Or deep in the money puts, for example, that has existing open interest and there will be other traders that will try to exploit somebody else’s inefficiency not exercising those puts for the interest. And you could kind of figure those out based on other circumstances. This situation that I gave you is open interest and maybe in the case of the next dividend, if the stock was going next dividend the next day.
And a lot of that is from experience. You’d have to know like these are the types of traders out there and this is what their intent is in this situation. Sometimes we see roles that are that are recurring. They’ll roll from one option to the next, and sometimes you could even see it’s consistent by the timing as well. And there are certain strategies out there that have to roll that are just based on rolling to the next exploration, for example. So these are other clues that you could tap into by using other information. Like you said it could be open interest, it could be an ex-dividend coming up, it could be expiration, it could be earnings. And that will allow you to make better determinations of what just happened.
Jeff Praissman
Now, is it possible to determine which side of the spread the trader took?
Dmitry Pargamanik
Yeah. So every trade will have a buyer and a seller to transact. And the question is, well, maybe who’s the initiating trader? Or the person the end user wanted to initiate the trade with and maybe access the liquidity of the markets.
And sometimes yes, sometimes no. Sometimes you can make a determination who’s the initiating trader or the most likely initiating trader based on certain surrounding circumstances. Like the markets at the time of the trade and where the trade price happened relative to the markets, but it’s not always that simple.

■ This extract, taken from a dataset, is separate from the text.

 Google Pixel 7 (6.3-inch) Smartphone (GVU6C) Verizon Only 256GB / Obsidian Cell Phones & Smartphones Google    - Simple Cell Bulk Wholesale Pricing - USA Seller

You could look at how the markets were lined up prior to the trade, at the time of the trade and after the trade. That could clue you in. Sometimes you’d have to look at if it was maybe a call spread that traded. You might want to take a look at the synthetic or the corresponding put spread where the market is to get a sense of where the initiating trade came from.

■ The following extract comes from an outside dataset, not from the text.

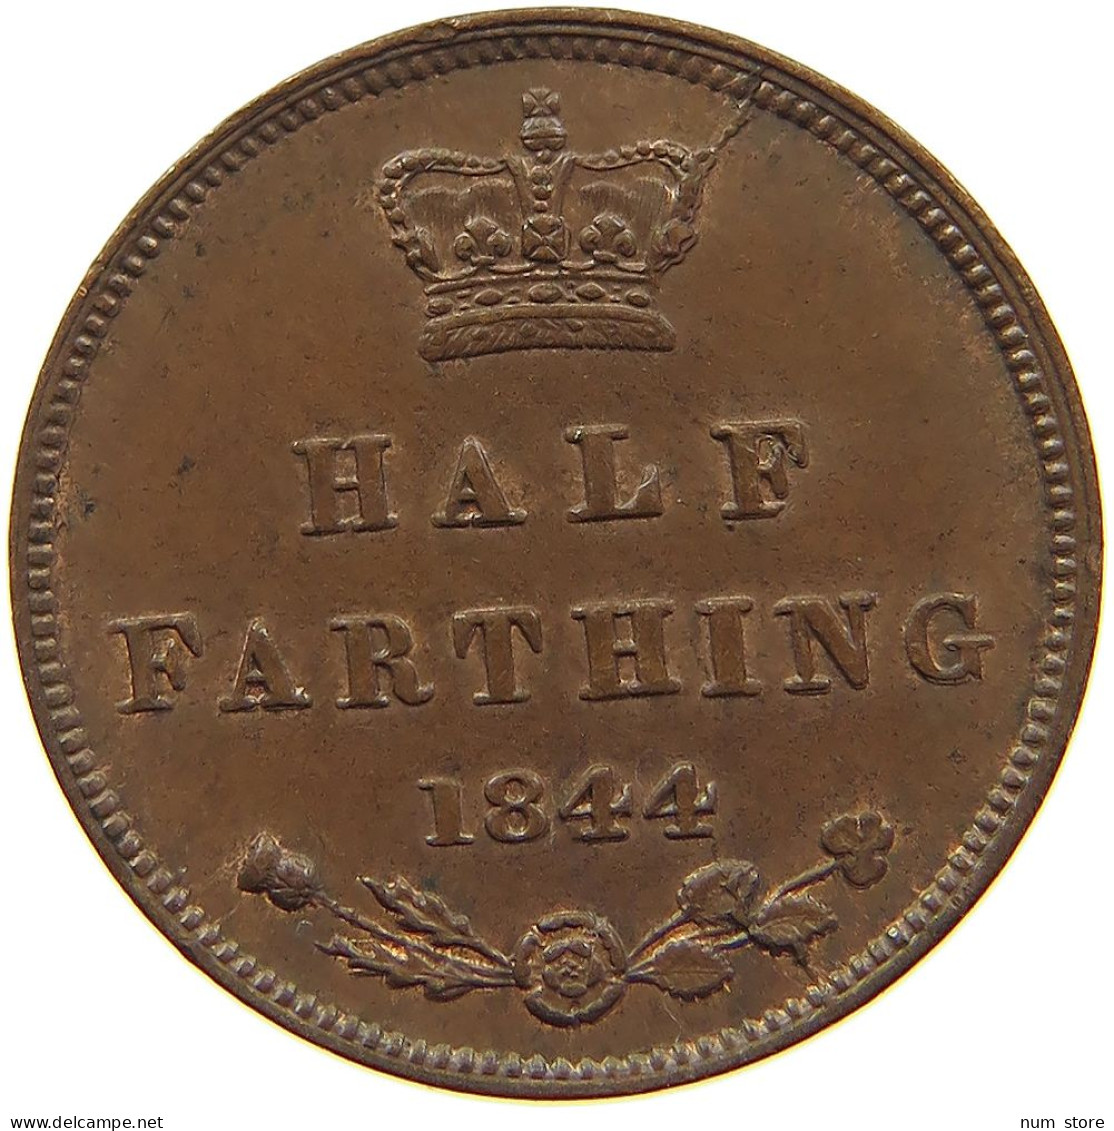 GREAT BRITAIN HALF FARTHING 1844 Victoria 1837-1901 #t158 0749 - A. 1/4 - 1/3 - 1/2 Farthing

So that one- it’s not a simple answer. It’s not provided to you on the trade table where there was an incoming order from a customer and they bought it from a market maker. We don’t have that information. That’s not provided. But there are surrounding data points that there are instances where you could make a logical inference with a high degree of confidence.
Jeff Praissman
Got it, got it. Now do people day trade spreads or are they more of a long-term play?
Dmitry Pargamanik
Yes. So we did look at that as well. When we looked at the spread and sometimes you will see certain spreads that they will trade in the morning. And then we track the trading in that particular spread to see if they trade out of it, they hold on to it, do they accumulate more? And we see both sometimes. People will look at a pull spread, for example, and they day trade the call spread. They’ll have a viewpoint that day, maybe that the stock is more likely to go up, for example, and they’re going to choose to use a call spread to get that long exposure. And we’ve seen the call spreads sometimes trade in the morning and they’ll trade at them in the afternoon, sometimes at the end of the day. And sometimes they’re locking in profits, sometimes they’re locking in losses as well. And there are other times where people will put on a spread and they will hold on to that spread all the way till that expiration. You know, even if it’s going out in many months. So it’s very interesting lots of different ways people will use the multi-leg trades and trade them and we’ve seen both sides.
Jeff Praissman
In several past podcasts and webinars, the three of us have discussed option volume. It’s been a subject that we go back to and discuss. And I’m curious. Generally it’s always been overall option volume that we’ve talked about. But I’m curious what underlyings have you seen have the most spread volume recently?
Dmitry Pargamanik
What we’ve seen is that pretty much across the board, we’re seeing people use multi-leg trades, almost all stocks. So it’s not even very.. it’s not exclusive to certain particular stocks that people use multi-leg trades. Like for example 0DTE options. You only see them in a few places where the list 0DTE.
Multi-leg trades- we’re seeing them applied across the board from the top tier spots. The Amazon, Mega, Tesla, all those. But even in the stocks that have even less volume, we still see a good amount of multi-leg strategies employed there.
Which is good because I think that people are taking these types of strategies which allow you to mitigate your risk, maybe concentrate or increase your returns by focusing on certain exposures that you want to target. And that’s been the trend that we’re seeing in multi-leg trade really been applied across the board.
Jeff Praissman
Well, Will and Dmitry, thank you guys so much for coming by. It’s always a pleasure to have you in the studio. And for more from Market Chamelon, please go to ibkr.com, click on education, then IBKR campus and select IBKR Campus Contributors and look for Market Chameleon. And for our listeners who want to dive deeper into multi-leg combinations, I highly recommend watching the webinar that Will and Dmitry just finished. The links are in the study notes. Thank you for listening and until next time, I’m Jeff Praissman with Interactive Brokers.
Will McBride
Thanks Jeff.
Dmitry Pargamanik
Yeah. Thanks guys!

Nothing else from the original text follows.